[Data items]
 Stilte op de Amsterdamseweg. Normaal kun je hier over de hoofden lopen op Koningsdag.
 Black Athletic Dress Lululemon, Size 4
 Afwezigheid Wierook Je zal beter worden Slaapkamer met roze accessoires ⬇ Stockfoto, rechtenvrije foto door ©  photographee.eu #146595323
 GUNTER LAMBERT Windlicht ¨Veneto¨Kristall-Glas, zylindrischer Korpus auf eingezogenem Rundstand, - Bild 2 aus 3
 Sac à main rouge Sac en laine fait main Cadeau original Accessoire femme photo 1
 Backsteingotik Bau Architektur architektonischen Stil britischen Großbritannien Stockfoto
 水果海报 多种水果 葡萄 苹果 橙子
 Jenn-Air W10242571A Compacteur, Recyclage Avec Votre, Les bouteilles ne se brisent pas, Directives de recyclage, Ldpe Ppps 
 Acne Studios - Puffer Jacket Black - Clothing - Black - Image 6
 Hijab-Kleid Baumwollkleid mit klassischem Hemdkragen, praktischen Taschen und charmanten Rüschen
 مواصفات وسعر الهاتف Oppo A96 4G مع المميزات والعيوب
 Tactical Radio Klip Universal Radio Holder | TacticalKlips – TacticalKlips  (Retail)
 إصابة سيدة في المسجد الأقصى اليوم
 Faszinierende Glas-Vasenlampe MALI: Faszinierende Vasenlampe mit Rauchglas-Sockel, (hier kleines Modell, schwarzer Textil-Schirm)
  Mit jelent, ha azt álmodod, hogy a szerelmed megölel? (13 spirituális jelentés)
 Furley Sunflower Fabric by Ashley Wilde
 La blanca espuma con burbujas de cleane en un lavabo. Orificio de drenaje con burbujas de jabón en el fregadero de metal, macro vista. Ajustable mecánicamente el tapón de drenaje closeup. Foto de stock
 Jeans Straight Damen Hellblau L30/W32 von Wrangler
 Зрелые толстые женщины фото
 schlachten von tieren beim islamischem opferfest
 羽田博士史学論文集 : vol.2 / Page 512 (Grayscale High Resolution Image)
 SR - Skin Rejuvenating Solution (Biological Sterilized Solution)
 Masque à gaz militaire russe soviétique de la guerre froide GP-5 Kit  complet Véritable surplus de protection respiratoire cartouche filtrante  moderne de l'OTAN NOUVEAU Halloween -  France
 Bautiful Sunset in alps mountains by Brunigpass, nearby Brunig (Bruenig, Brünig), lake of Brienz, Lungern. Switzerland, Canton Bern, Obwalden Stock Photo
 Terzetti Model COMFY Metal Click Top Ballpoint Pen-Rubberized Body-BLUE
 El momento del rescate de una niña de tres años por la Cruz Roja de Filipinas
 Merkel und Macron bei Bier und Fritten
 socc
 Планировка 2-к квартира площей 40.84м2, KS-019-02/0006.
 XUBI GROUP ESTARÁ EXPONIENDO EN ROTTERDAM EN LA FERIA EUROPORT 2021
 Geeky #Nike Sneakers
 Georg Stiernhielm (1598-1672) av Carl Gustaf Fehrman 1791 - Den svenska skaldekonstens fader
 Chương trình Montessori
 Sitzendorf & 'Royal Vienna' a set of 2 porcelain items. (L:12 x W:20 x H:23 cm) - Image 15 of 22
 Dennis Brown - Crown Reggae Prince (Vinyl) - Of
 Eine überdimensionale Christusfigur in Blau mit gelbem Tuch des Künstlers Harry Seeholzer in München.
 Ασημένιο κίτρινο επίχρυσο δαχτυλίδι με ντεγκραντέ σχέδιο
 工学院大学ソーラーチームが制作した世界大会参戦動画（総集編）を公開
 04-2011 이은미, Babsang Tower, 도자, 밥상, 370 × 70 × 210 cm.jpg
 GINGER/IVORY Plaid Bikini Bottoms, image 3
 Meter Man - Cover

Brief
Would you repeat all of the entries exactly?

Reply to the task
 Stilte op de Amsterdamseweg. Normaal kun je hier over de hoofden lopen op Koningsdag.
 Black Athletic Dress Lululemon, Size 4
 Afwezigheid Wierook Je zal beter worden Slaapkamer met roze accessoires ⬇ Stockfoto, rechtenvrije foto door ©  photographee.eu #146595323
 GUNTER LAMBERT Windlicht ¨Veneto¨Kristall-Glas, zylindrischer Korpus auf eingezogenem Rundstand, - Bild 2 aus 3
 Sac à main rouge Sac en laine fait main Cadeau original Accessoire femme photo 1
 Backsteingotik Bau Architektur architektonischen Stil britischen Großbritannien Stockfoto
 水果海报 多种水果 葡萄 苹果 橙子
 Jenn-Air W10242571A Compacteur, Recyclage Avec Votre, Les bouteilles ne se brisent pas, Directives de recyclage, Ldpe Ppps 
 Acne Studios - Puffer Jacket Black - Clothing - Black - Image 6
 Hijab-Kleid Baumwollkleid mit klassischem Hemdkragen, praktischen Taschen und charmanten Rüschen
 مواصفات وسعر الهاتف Oppo A96 4G مع المميزات والعيوب
 Tactical Radio Klip Universal Radio Holder | TacticalKlips – TacticalKlips  (Retail)
 إصابة سيدة في المسجد الأقصى اليوم
 Faszinierende Glas-Vasenlampe MALI: Faszinierende Vasenlampe mit Rauchglas-Sockel, (hier kleines Modell, schwarzer Textil-Schirm)
  Mit jelent, ha azt álmodod, hogy a szerelmed megölel? (13 spirituális jelentés)
 Furley Sunflower Fabric by Ashley Wilde
 La blanca espuma con burbujas de cleane en un lavabo. Orificio de drenaje con burbujas de jabón en el fregadero de metal, macro vista. Ajustable mecánicamente el tapón de drenaje closeup. Foto de stock
 Jeans Straight Damen Hellblau L30/W32 von Wrangler
 Зрелые толстые женщины фото
 schlachten von tieren beim islamischem opferfest
 羽田博士史学論文集 : vol.2 / Page 512 (Grayscale High Resolution Image)
 SR - Skin Rejuvenating Solution (Biological Sterilized Solution)
 Masque à gaz militaire russe soviétique de la guerre froide GP-5 Kit  complet Véritable surplus de protection respiratoire cartouche filtrante  moderne de l'OTAN NOUVEAU Halloween -  France
 Bautiful Sunset in alps mountains by Brunigpass, nearby Brunig (Bruenig, Brünig), lake of Brienz, Lungern. Switzerland, Canton Bern, Obwalden Stock Photo
 Terzetti Model COMFY Metal Click Top Ballpoint Pen-Rubberized Body-BLUE
 El momento del rescate de una niña de tres años por la Cruz Roja de Filipinas
 Merkel und Macron bei Bier und Fritten
 socc
 Планировка 2-к квартира площей 40.84м2, KS-019-02/0006.
 XUBI GROUP ESTARÁ EXPONIENDO EN ROTTERDAM EN LA FERIA EUROPORT 2021
 Geeky #Nike Sneakers
 Georg Stiernhielm (1598-1672) av Carl Gustaf Fehrman 1791 - Den svenska skaldekonstens fader
 Chương trình Montessori
 Sitzendorf & 'Royal Vienna' a set of 2 porcelain items. (L:12 x W:20 x H:23 cm) - Image 15 of 22
 Dennis Brown - Crown Reggae Prince (Vinyl) - Of
 Eine überdimensionale Christusfigur in Blau mit gelbem Tuch des Künstlers Harry Seeholzer in München.
 Ασημένιο κίτρινο επίχρυσο δαχτυλίδι με ντεγκραντέ σχέδιο
 工学院大学ソーラーチームが制作した世界大会参戦動画（総集編）を公開
 04-2011 이은미, Babsang Tower, 도자, 밥상, 370 × 70 × 210 cm.jpg
 GINGER/IVORY Plaid Bikini Bottoms, image 3
 Meter Man - Cover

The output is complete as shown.